- Dataset extract -
Content starts

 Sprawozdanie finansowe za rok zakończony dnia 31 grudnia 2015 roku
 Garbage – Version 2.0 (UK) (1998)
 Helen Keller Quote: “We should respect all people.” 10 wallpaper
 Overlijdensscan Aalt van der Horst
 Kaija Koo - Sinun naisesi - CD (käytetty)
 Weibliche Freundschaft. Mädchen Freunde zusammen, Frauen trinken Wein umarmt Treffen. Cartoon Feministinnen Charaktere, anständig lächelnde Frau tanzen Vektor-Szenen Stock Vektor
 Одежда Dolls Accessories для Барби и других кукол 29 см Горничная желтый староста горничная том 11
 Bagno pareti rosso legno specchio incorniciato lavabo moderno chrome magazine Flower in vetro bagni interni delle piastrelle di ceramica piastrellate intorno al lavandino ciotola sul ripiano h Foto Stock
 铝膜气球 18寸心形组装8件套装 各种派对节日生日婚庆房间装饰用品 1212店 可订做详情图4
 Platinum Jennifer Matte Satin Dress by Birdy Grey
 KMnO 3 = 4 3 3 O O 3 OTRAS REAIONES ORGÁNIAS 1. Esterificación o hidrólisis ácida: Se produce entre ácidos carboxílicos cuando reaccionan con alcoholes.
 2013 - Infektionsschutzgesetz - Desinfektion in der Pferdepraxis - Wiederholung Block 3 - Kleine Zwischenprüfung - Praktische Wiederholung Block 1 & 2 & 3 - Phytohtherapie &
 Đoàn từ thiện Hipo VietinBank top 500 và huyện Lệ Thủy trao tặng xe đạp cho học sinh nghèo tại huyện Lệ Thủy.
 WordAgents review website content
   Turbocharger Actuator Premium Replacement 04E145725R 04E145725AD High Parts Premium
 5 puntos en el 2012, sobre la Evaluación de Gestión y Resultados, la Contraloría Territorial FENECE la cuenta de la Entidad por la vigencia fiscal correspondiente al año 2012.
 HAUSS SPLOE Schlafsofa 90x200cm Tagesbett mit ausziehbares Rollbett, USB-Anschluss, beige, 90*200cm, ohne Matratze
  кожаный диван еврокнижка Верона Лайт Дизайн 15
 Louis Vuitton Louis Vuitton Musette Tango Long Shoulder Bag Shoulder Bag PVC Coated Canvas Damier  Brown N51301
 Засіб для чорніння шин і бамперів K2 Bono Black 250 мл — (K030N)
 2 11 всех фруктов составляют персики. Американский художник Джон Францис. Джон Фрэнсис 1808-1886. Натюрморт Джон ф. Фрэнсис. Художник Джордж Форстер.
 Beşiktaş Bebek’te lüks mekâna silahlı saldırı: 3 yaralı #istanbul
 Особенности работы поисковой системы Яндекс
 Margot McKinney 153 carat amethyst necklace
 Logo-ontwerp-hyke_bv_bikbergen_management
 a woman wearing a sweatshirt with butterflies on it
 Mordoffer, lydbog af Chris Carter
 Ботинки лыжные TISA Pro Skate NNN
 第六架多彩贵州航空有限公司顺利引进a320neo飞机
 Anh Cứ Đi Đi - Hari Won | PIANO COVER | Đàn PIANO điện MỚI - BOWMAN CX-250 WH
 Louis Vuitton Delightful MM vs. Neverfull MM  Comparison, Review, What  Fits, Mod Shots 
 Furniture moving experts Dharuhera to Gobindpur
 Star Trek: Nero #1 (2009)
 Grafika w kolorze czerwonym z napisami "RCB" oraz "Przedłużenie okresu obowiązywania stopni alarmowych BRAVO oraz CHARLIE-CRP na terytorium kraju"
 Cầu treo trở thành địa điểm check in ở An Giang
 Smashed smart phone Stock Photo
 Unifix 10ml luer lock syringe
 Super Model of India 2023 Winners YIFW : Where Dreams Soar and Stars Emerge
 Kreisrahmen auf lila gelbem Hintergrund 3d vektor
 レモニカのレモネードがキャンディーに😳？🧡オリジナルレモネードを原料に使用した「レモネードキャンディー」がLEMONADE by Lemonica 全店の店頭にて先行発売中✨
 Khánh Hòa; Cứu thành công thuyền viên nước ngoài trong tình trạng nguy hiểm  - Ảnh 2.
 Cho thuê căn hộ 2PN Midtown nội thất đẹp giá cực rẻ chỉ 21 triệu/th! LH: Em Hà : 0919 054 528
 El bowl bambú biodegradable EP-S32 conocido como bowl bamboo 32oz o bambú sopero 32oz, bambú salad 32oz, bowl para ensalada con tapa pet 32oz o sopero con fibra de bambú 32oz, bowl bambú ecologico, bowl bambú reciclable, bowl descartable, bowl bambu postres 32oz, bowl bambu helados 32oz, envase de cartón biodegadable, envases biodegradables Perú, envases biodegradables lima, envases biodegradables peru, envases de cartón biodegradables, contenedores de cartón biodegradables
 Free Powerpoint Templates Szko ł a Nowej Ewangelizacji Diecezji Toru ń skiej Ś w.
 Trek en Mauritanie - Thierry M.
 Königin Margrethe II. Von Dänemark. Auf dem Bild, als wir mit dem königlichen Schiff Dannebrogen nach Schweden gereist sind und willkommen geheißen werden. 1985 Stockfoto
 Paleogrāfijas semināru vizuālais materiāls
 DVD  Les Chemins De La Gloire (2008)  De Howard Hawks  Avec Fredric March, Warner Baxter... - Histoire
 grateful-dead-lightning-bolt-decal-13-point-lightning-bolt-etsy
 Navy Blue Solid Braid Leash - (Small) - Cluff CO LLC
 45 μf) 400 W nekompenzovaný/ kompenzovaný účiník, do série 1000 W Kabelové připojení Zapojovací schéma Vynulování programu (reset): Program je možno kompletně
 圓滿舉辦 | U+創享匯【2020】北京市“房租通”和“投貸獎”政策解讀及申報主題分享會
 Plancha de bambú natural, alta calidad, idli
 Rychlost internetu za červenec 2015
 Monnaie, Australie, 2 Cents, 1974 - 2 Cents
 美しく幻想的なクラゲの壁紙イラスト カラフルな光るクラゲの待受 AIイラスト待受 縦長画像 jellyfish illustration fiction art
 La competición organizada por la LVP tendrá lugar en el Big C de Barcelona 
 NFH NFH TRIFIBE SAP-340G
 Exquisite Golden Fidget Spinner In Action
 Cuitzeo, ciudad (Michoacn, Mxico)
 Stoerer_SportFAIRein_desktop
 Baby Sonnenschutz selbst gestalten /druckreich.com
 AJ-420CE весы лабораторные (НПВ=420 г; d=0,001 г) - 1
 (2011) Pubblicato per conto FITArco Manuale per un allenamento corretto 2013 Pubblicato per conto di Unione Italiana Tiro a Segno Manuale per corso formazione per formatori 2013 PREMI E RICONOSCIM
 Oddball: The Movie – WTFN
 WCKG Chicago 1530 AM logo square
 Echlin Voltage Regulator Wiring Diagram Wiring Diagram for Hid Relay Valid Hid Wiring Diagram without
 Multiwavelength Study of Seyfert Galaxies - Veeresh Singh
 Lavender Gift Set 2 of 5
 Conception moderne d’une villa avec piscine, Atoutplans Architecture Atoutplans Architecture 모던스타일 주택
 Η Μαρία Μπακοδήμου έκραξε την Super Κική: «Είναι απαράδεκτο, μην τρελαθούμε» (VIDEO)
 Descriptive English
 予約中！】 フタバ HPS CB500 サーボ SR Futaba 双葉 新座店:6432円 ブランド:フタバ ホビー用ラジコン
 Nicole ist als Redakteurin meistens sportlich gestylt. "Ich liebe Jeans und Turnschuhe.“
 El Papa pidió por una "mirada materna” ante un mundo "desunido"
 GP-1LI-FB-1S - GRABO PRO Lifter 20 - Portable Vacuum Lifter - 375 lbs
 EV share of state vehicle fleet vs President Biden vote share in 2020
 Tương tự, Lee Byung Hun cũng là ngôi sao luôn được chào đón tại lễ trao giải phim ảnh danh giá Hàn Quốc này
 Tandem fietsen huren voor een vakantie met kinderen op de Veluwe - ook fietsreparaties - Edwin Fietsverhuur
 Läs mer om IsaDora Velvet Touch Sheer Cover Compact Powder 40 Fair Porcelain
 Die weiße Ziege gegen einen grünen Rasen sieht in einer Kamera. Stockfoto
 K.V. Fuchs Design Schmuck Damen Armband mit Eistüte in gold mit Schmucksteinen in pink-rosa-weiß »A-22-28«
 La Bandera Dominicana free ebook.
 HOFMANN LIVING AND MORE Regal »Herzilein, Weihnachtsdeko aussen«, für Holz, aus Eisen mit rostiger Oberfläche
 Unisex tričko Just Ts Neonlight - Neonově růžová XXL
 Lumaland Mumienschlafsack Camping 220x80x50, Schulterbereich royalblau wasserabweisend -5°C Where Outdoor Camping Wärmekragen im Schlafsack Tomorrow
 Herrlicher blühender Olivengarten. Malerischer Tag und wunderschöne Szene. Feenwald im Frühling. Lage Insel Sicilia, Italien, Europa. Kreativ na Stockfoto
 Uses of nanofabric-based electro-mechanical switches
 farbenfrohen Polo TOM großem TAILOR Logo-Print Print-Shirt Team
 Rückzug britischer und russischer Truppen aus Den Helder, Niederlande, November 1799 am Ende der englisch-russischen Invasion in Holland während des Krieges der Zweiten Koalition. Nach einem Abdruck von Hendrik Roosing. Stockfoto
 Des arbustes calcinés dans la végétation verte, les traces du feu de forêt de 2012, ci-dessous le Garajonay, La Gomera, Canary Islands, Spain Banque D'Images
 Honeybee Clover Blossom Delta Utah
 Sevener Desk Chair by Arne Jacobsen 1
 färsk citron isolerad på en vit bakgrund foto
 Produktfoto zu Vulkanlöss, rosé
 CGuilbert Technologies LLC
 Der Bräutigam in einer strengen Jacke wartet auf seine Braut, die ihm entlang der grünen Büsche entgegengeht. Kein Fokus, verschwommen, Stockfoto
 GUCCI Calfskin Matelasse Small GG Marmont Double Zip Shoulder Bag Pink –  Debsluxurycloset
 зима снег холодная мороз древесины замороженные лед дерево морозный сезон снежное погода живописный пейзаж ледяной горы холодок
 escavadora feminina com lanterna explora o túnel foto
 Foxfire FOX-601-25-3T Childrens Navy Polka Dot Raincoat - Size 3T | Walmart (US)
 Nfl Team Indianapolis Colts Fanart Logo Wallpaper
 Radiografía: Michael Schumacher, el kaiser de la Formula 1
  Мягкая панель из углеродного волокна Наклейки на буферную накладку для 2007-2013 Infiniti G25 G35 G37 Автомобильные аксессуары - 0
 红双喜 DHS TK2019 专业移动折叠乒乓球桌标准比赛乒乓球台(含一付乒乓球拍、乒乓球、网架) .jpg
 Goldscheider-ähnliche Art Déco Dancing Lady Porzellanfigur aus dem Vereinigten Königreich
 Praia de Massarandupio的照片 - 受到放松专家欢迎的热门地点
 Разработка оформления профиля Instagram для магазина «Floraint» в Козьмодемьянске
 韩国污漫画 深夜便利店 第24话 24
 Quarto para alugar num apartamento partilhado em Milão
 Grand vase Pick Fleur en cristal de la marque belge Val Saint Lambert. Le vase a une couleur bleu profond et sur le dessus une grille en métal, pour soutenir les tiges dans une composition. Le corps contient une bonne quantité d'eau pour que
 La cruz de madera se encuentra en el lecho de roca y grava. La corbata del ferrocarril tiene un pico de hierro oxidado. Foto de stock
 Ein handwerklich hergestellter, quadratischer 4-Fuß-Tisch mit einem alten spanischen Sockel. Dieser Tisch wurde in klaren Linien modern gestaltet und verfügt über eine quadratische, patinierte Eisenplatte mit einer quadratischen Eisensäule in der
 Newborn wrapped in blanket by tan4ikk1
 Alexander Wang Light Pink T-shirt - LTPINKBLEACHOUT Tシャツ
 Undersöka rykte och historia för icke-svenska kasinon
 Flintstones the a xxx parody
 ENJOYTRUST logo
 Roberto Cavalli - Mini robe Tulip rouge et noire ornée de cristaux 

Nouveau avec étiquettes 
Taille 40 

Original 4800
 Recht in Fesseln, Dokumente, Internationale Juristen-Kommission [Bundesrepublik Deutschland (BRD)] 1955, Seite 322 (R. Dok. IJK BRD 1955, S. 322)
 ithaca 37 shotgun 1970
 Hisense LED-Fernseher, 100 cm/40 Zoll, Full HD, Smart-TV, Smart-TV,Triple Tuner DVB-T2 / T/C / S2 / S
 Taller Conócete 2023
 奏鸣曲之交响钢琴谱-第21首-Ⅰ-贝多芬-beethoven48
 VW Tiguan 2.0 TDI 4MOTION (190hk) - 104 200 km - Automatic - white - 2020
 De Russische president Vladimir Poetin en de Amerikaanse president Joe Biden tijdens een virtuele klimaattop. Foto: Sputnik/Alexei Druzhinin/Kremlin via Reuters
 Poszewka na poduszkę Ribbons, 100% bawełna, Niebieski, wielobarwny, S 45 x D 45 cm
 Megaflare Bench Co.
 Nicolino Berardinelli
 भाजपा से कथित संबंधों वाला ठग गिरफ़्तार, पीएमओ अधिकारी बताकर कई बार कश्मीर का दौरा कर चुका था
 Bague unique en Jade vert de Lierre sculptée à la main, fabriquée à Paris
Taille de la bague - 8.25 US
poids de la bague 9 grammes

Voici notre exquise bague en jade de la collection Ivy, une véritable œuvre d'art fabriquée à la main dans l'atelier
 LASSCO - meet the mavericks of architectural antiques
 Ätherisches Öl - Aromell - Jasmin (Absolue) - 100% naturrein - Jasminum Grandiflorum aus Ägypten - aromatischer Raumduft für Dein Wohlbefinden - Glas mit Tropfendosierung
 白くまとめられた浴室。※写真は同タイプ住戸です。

Content ends

- How to complete this task -
Reprint exactly the lines above that start at the one with "Logo-ontwerp-hyke_bv_bikbergen_management" and end at the one with "Louis Vuitton Delightful", keeping both and adding none.

- Your solution -
 Logo-ontwerp-hyke_bv_bikbergen_management
 a woman wearing a sweatshirt with butterflies on it
 Mordoffer, lydbog af Chris Carter
 Ботинки лыжные TISA Pro Skate NNN
 第六架多彩贵州航空有限公司顺利引进a320neo飞机
 Anh Cứ Đi Đi - Hari Won | PIANO COVER | Đàn PIANO điện MỚI - BOWMAN CX-250 WH
 Louis Vuitton Delightful MM vs. Neverfull MM  Comparison, Review, What  Fits, Mod Shots 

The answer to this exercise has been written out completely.